§ **Work order**
Only the text belongs in the copy. Transcribe the data exactly and drop any pictures.
═════ Raw data ═════
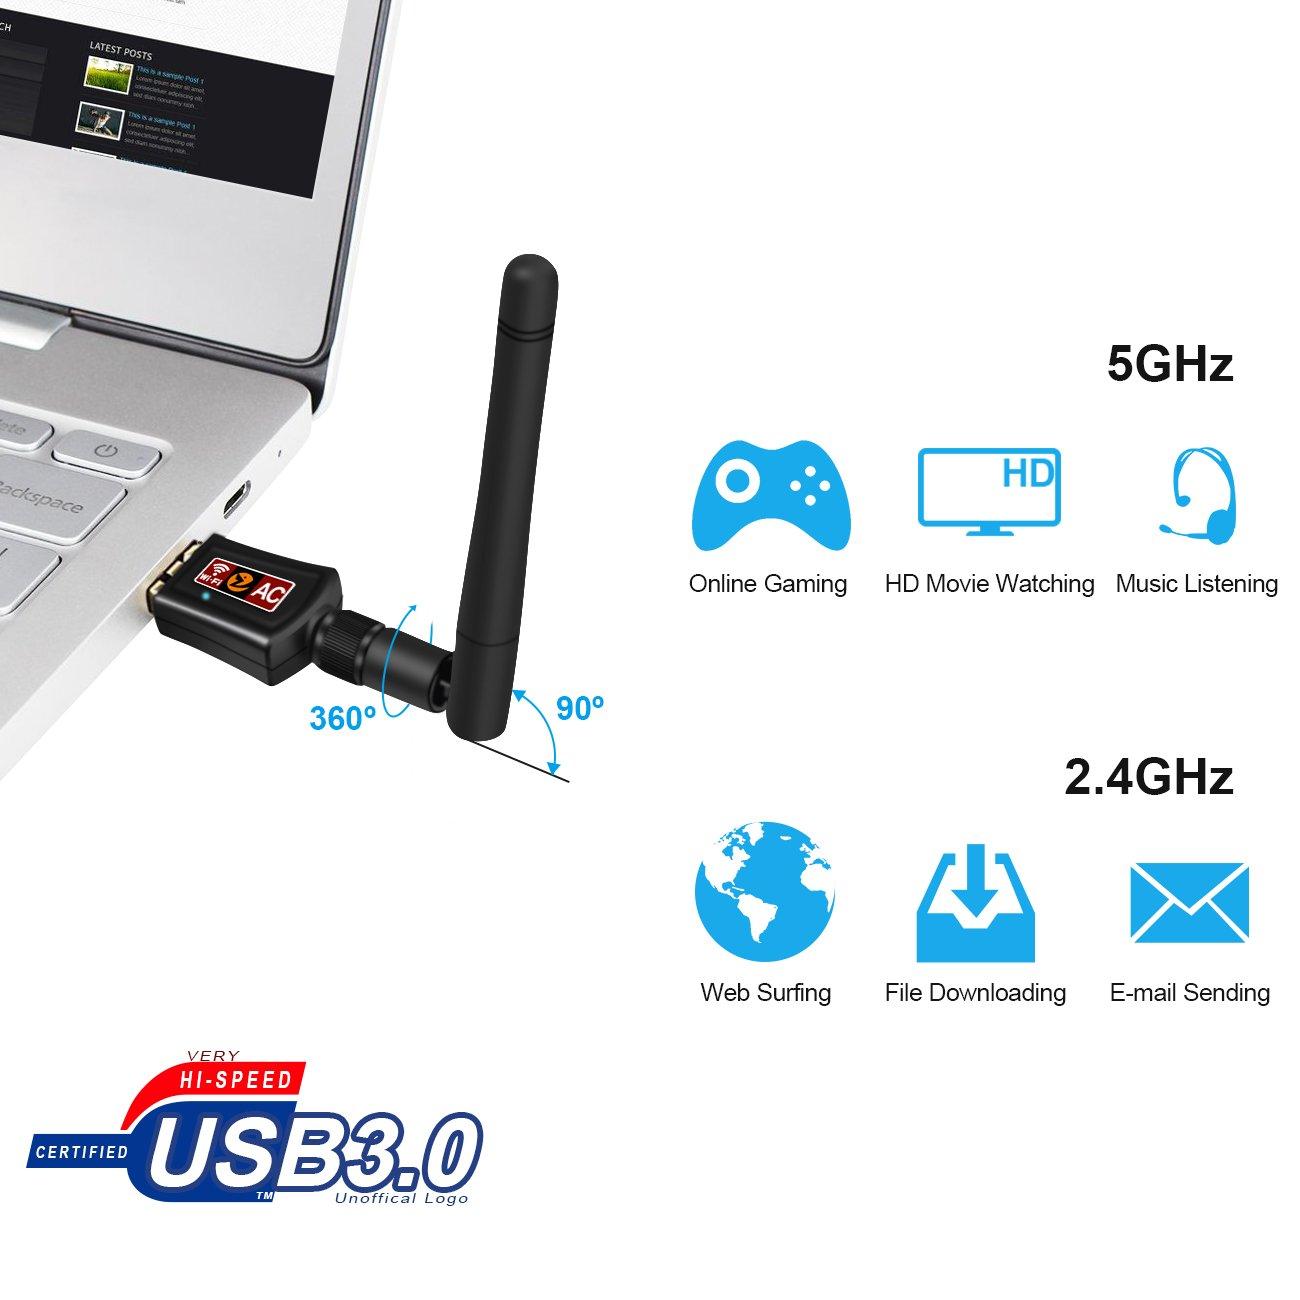 Zoweetek® Clé USB Wifi 600 Mbp avec Antenne Double Bande | USB 2.0 | Plug and Play | WPS | Indicateur LED | Deux Fréquences 2,4 / 5 GHz | Nouvelle norme Wi-Fi 802.11B / G / N / AC | Compatible avec Windows XP/ Vista/ 7/ 8/ 10, Linux, Mac OS
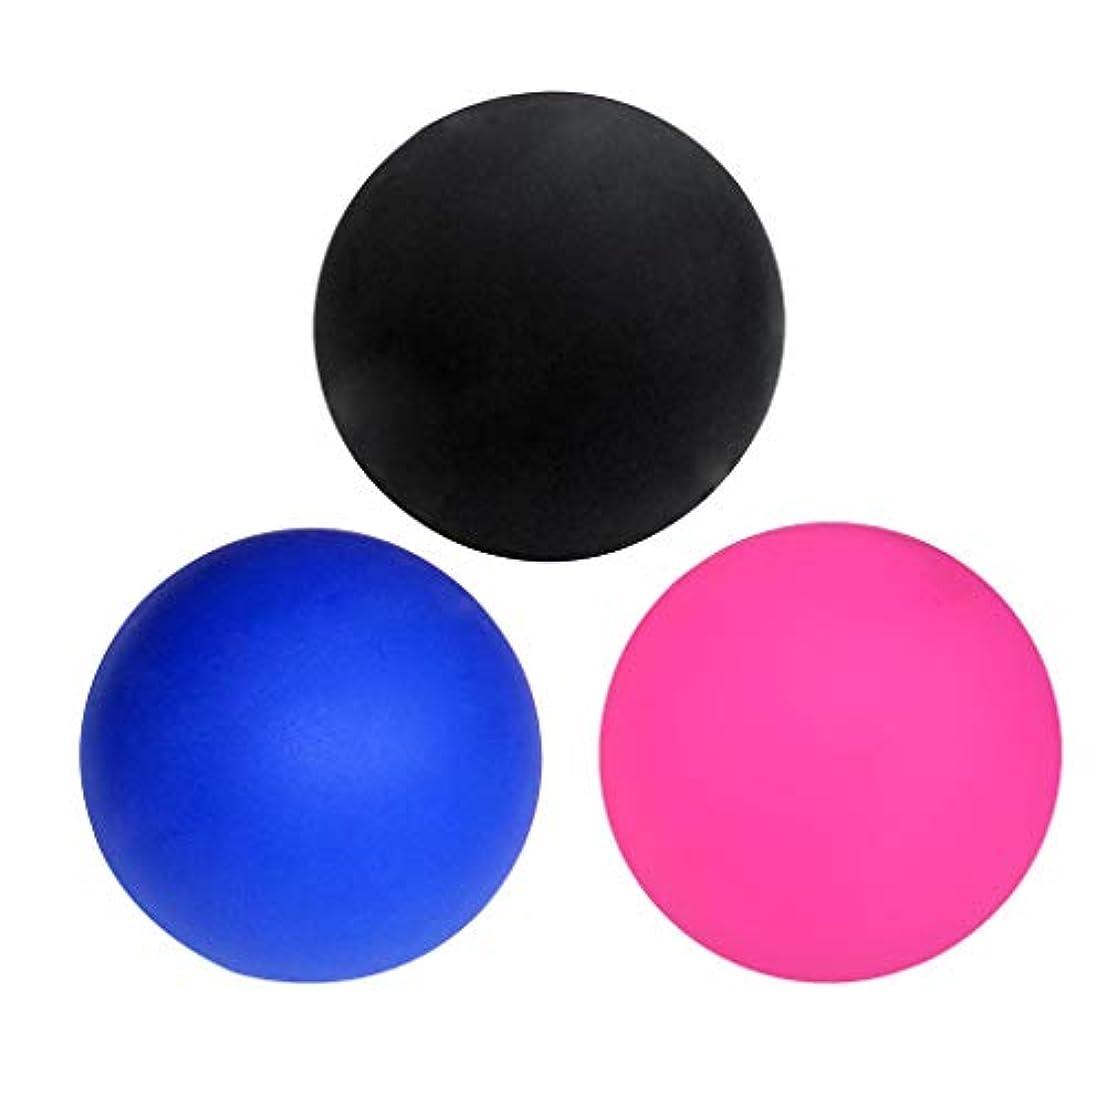 きらめく間欠アクセシブルマッサージボール ラクロスボール トリガーポイント ゴム製 ジム/ホーム/オフィスなど適用 3個入
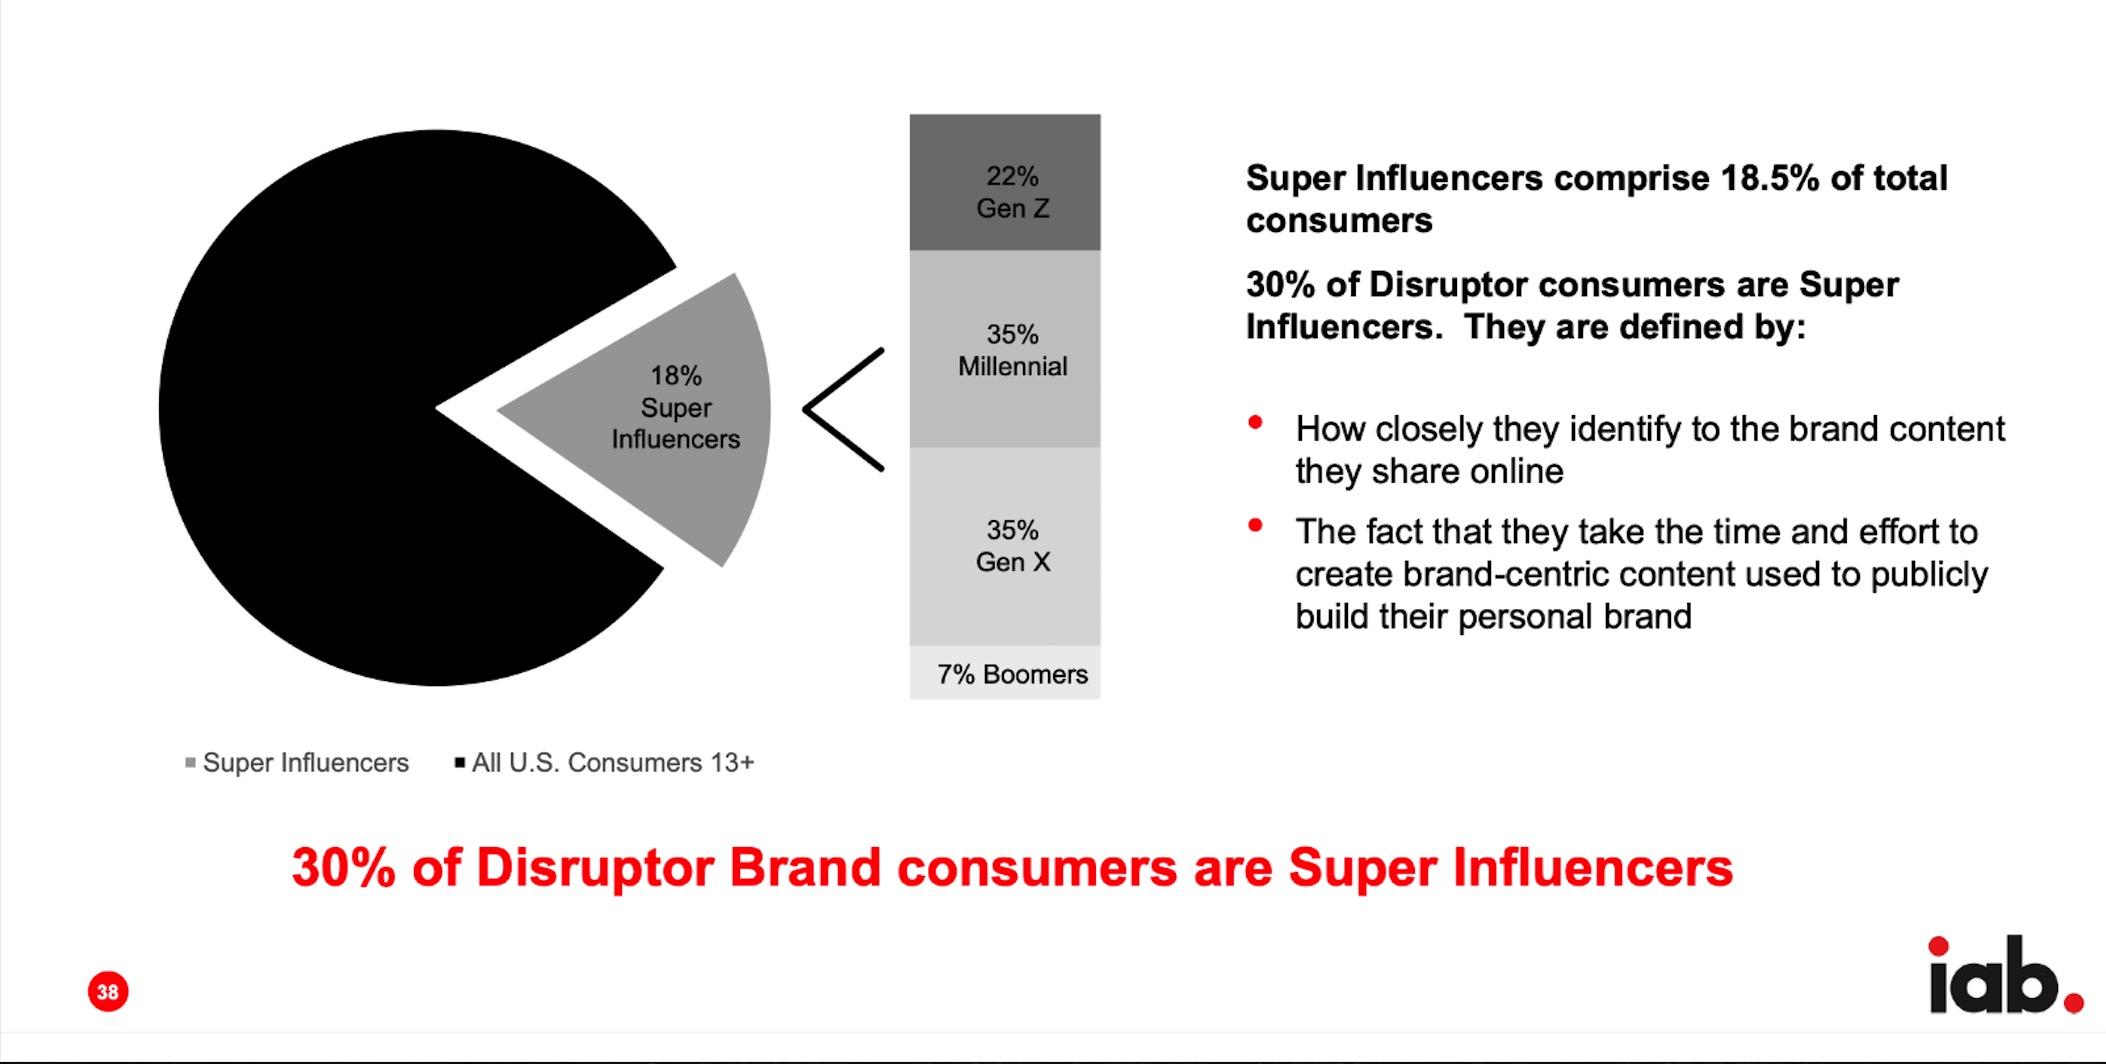 super influencer
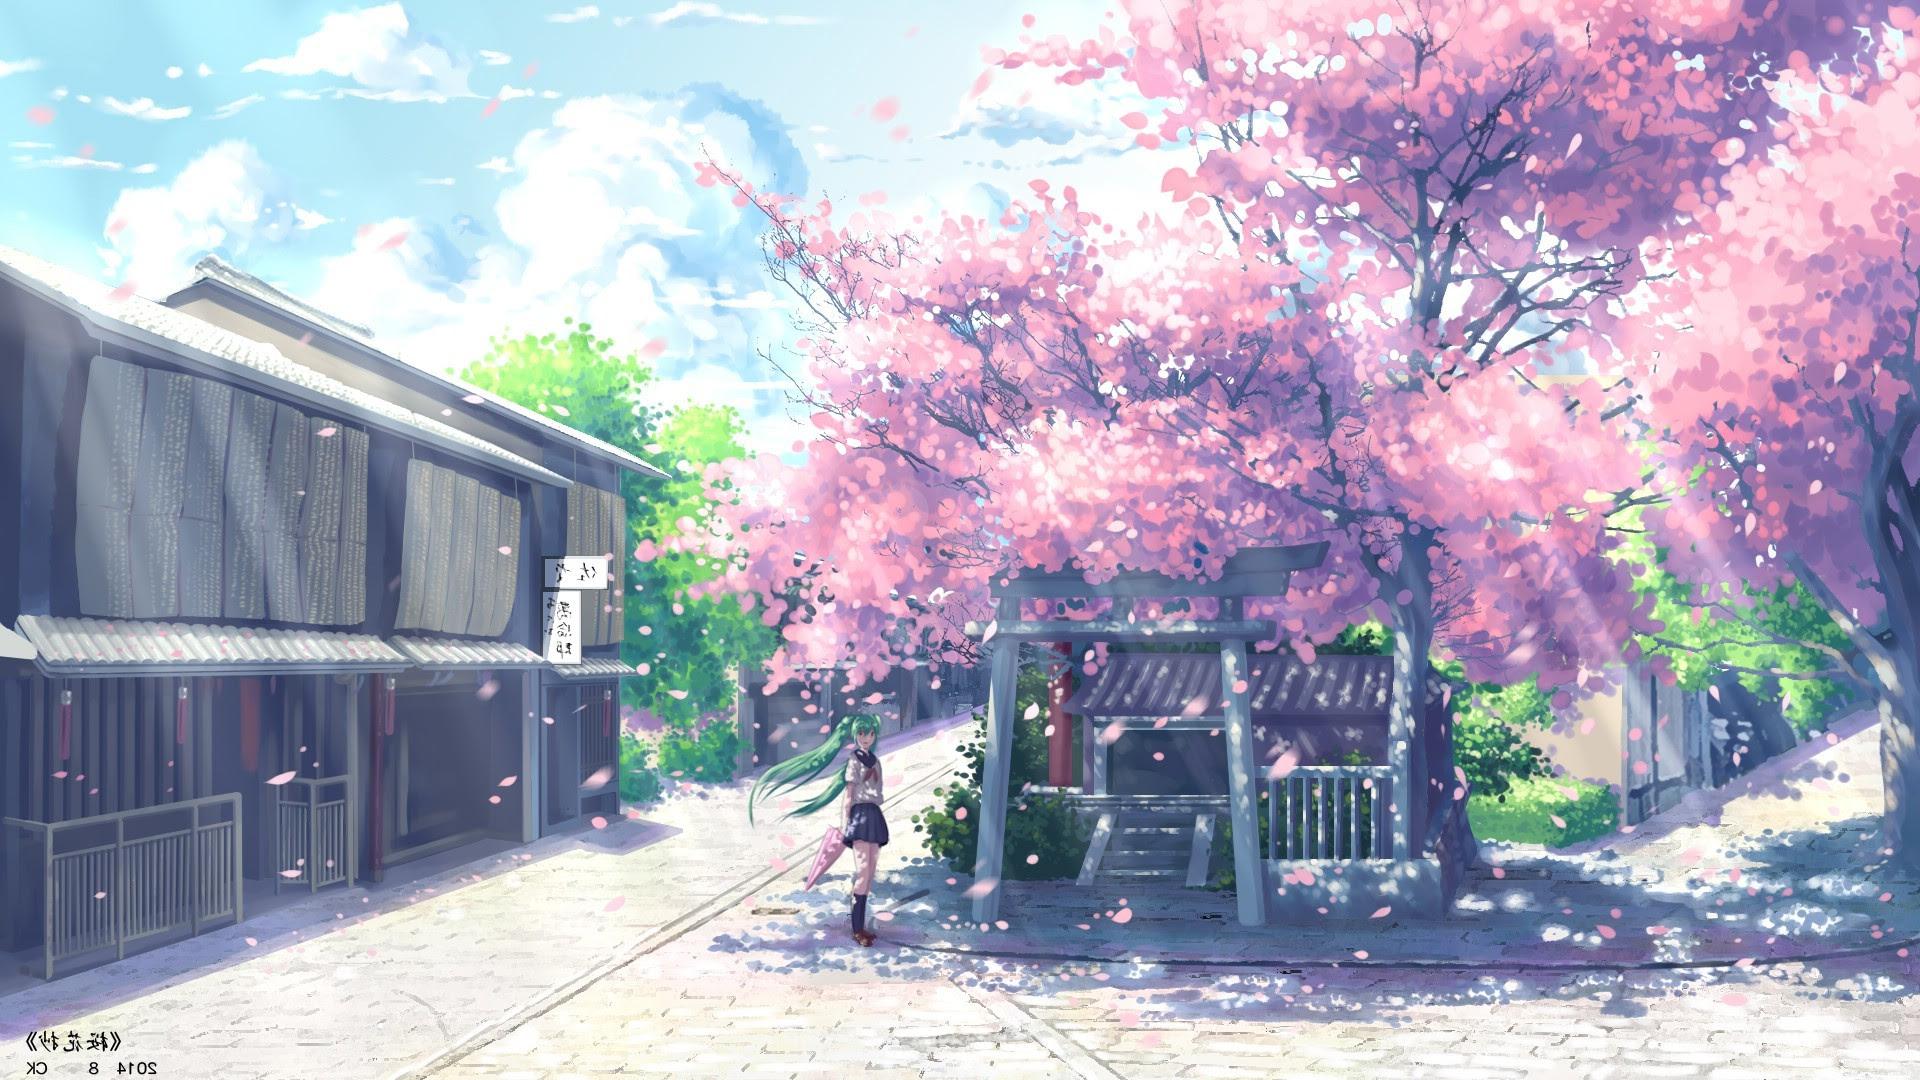 Anime Aesthetic Wallpaper Pc
═════
§ **Answer section**
 Zoweetek® Clé USB Wifi 600 Mbp avec Antenne Double Bande | USB 2.0 | Plug and Play | WPS | Indicateur LED | Deux Fréquences 2,4 / 5 GHz | Nouvelle norme Wi-Fi 802.11B / G / N / AC | Compatible avec Windows XP/ Vista/ 7/ 8/ 10, Linux, Mac OS
 きらめく間欠アクセシブルマッサージボール ラクロスボール トリガーポイント ゴム製 ジム/ホーム/オフィスなど適用 3個入
 super influencer
 Anime Aesthetic Wallpaper Pc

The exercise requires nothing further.